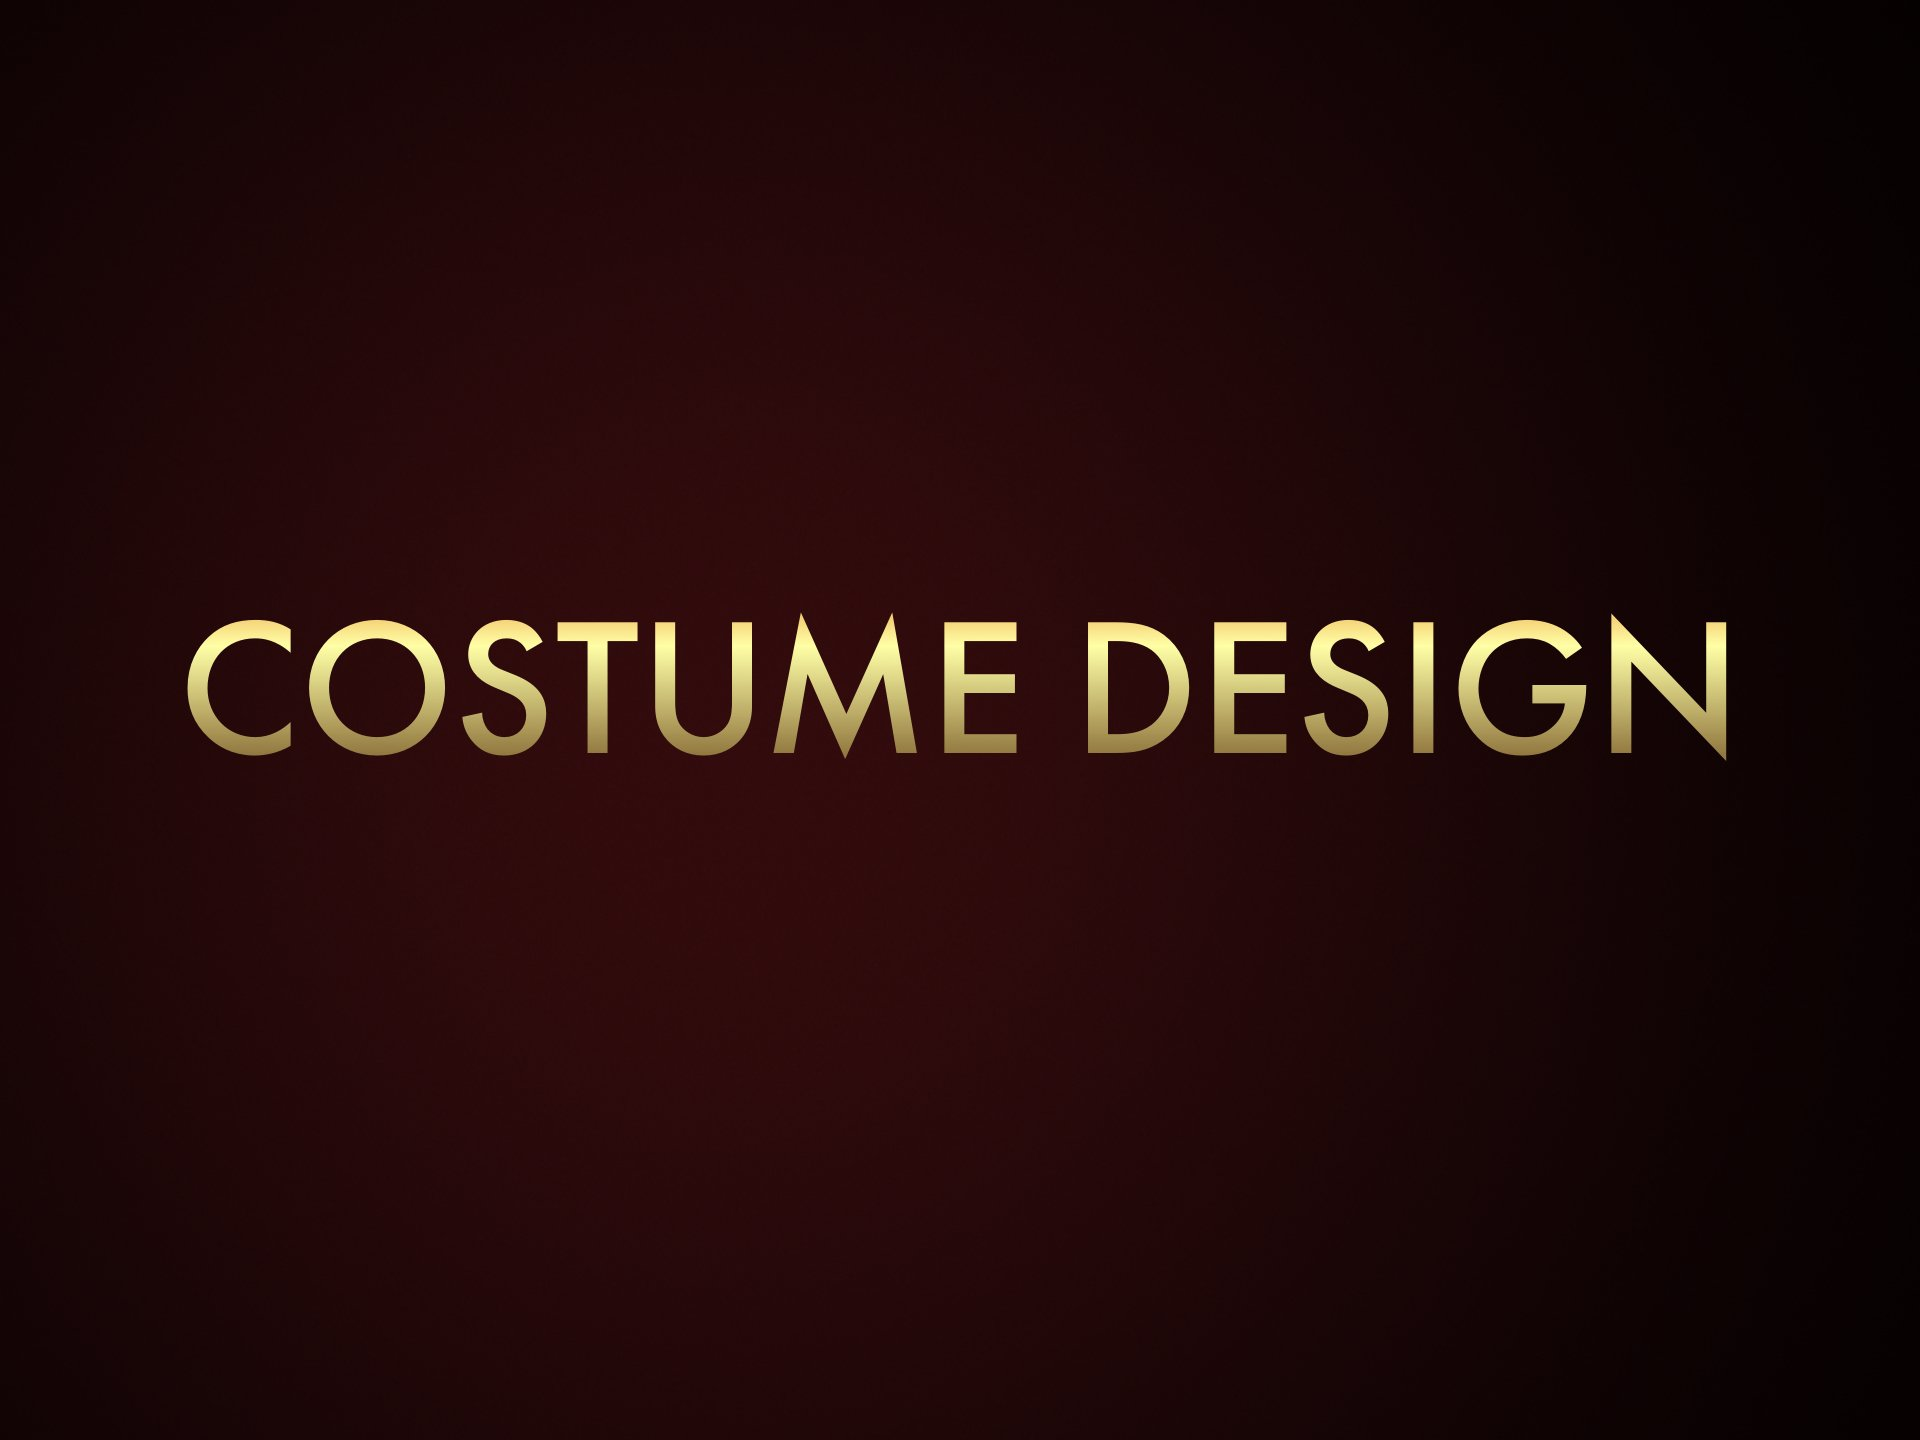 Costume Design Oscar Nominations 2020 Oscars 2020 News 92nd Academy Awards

...

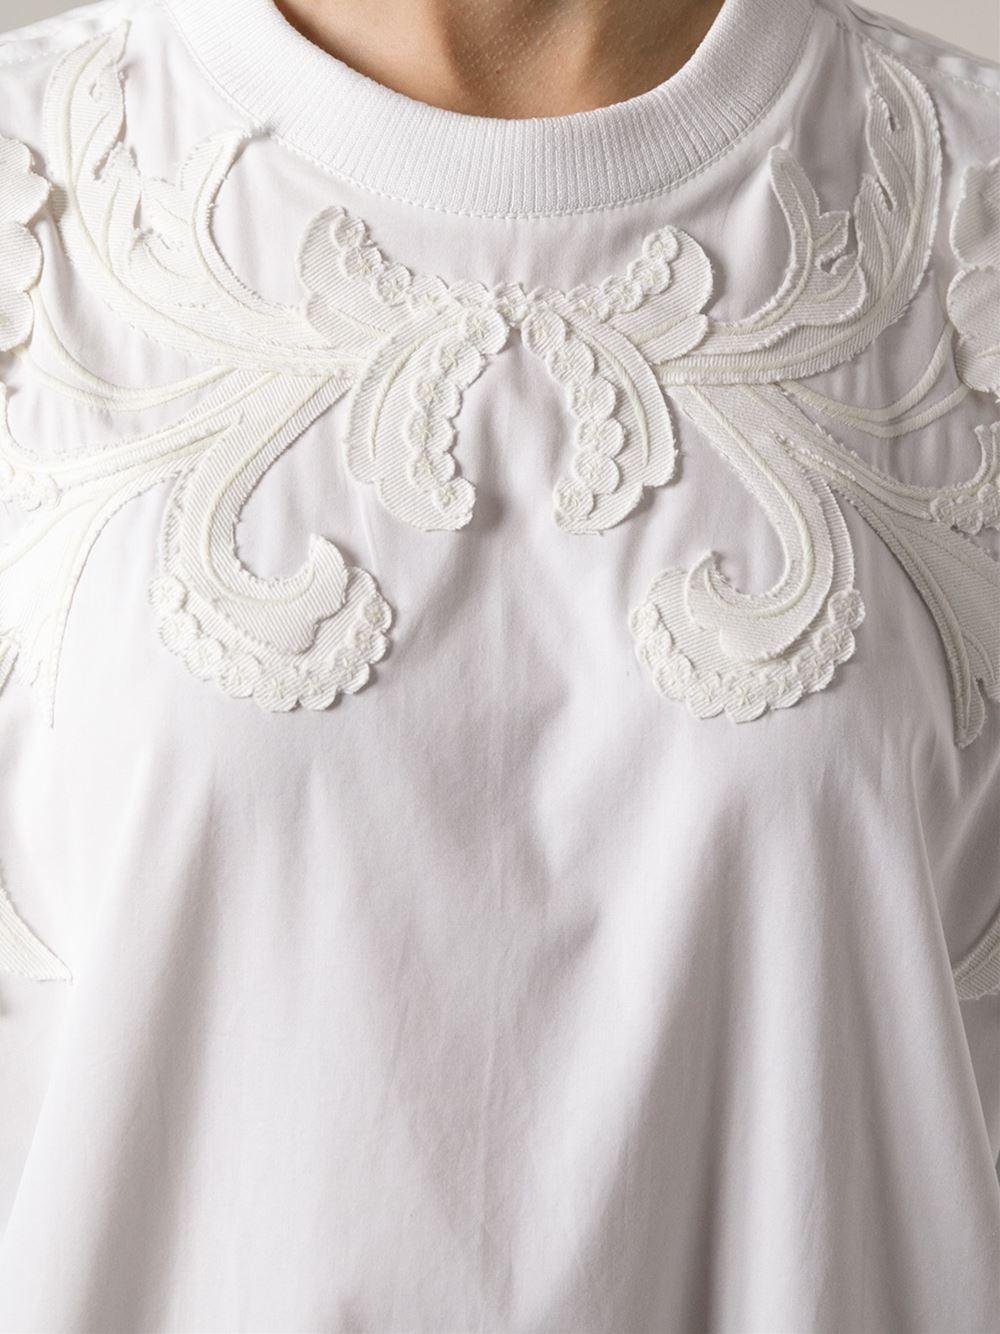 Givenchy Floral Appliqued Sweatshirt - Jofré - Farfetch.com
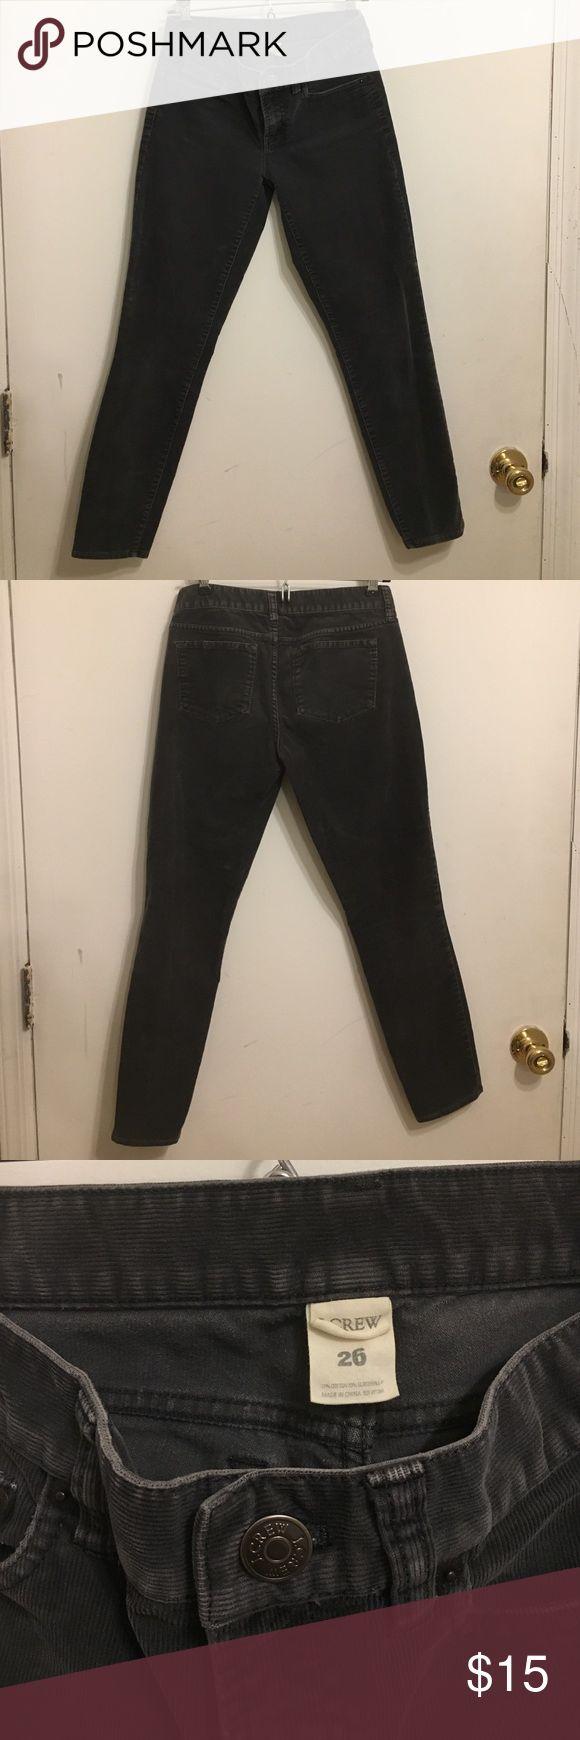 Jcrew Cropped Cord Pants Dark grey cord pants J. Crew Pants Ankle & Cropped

...

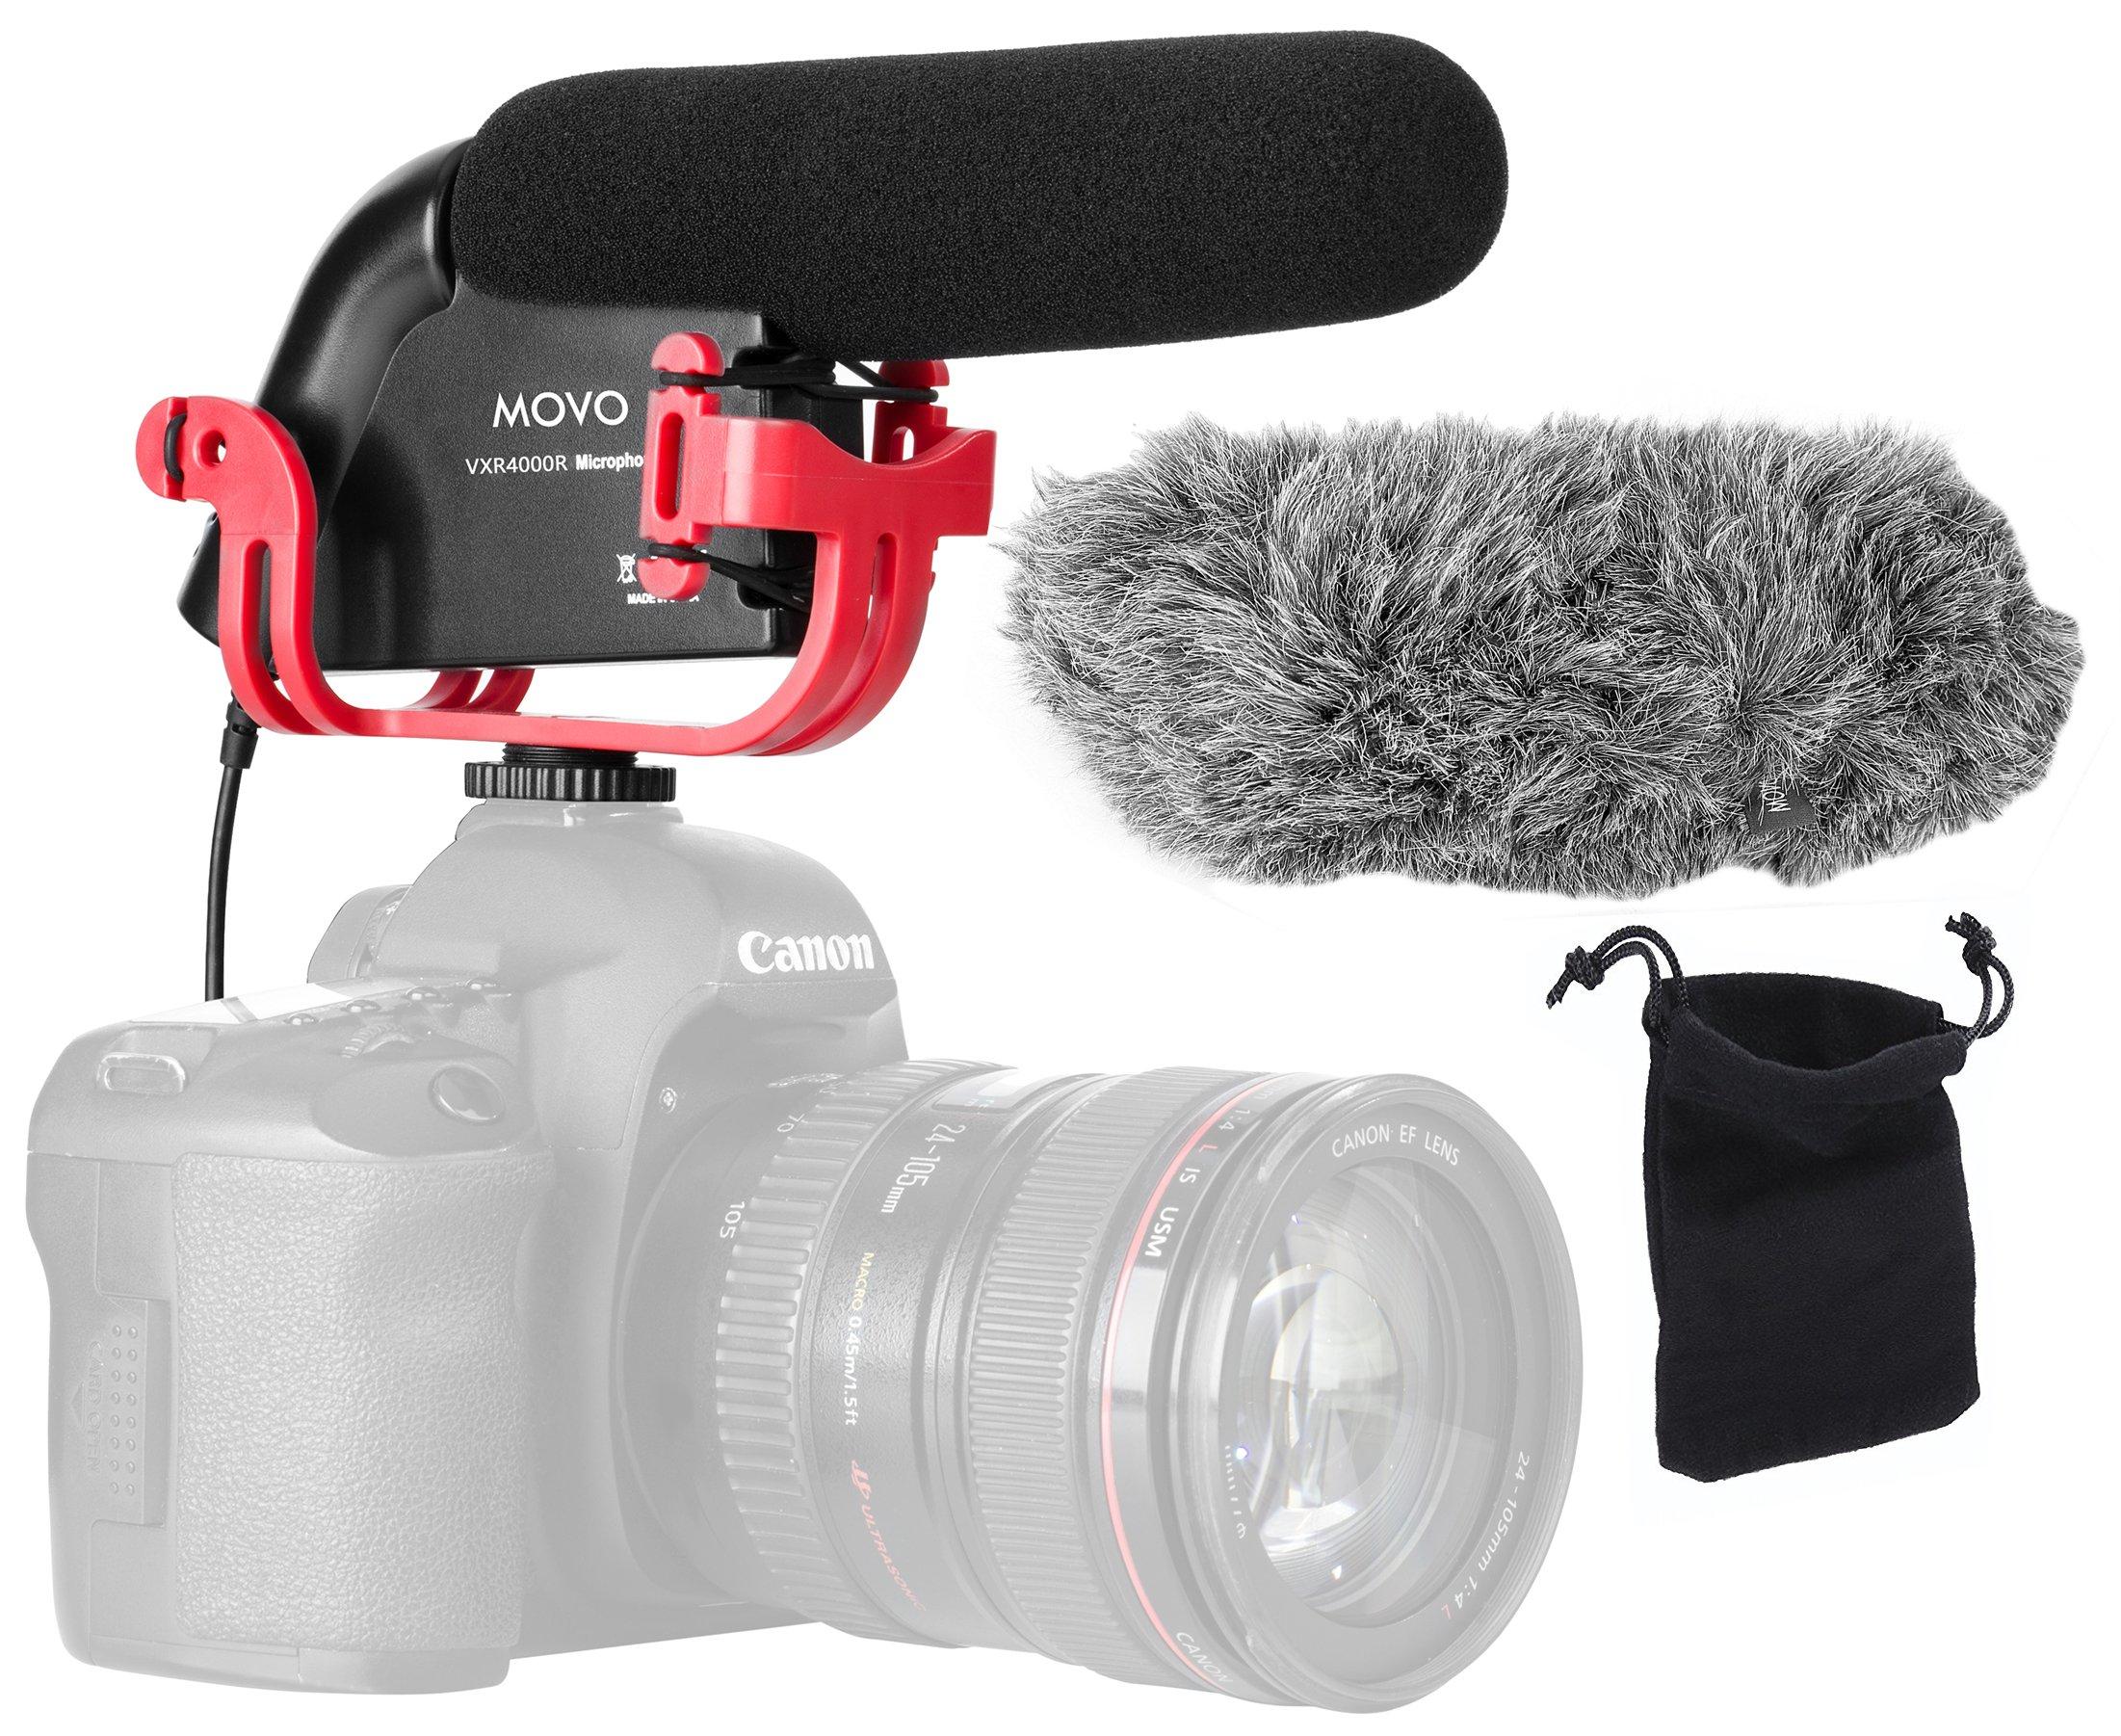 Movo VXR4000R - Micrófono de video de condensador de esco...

**Goal of the exercise:** Repeat exactly the lines above, beginning at the one containing "Givenchy Floral Appliqued" and ending at the one containing "Jcrew Cropped Cord". Do not carry over any pictures.

**Exercise output:**
 Givenchy Floral Appliqued Sweatshirt - Jofré - Farfetch.com
 Jcrew Cropped Cord Pants Dark grey cord pants J. Crew Pants Ankle & Cropped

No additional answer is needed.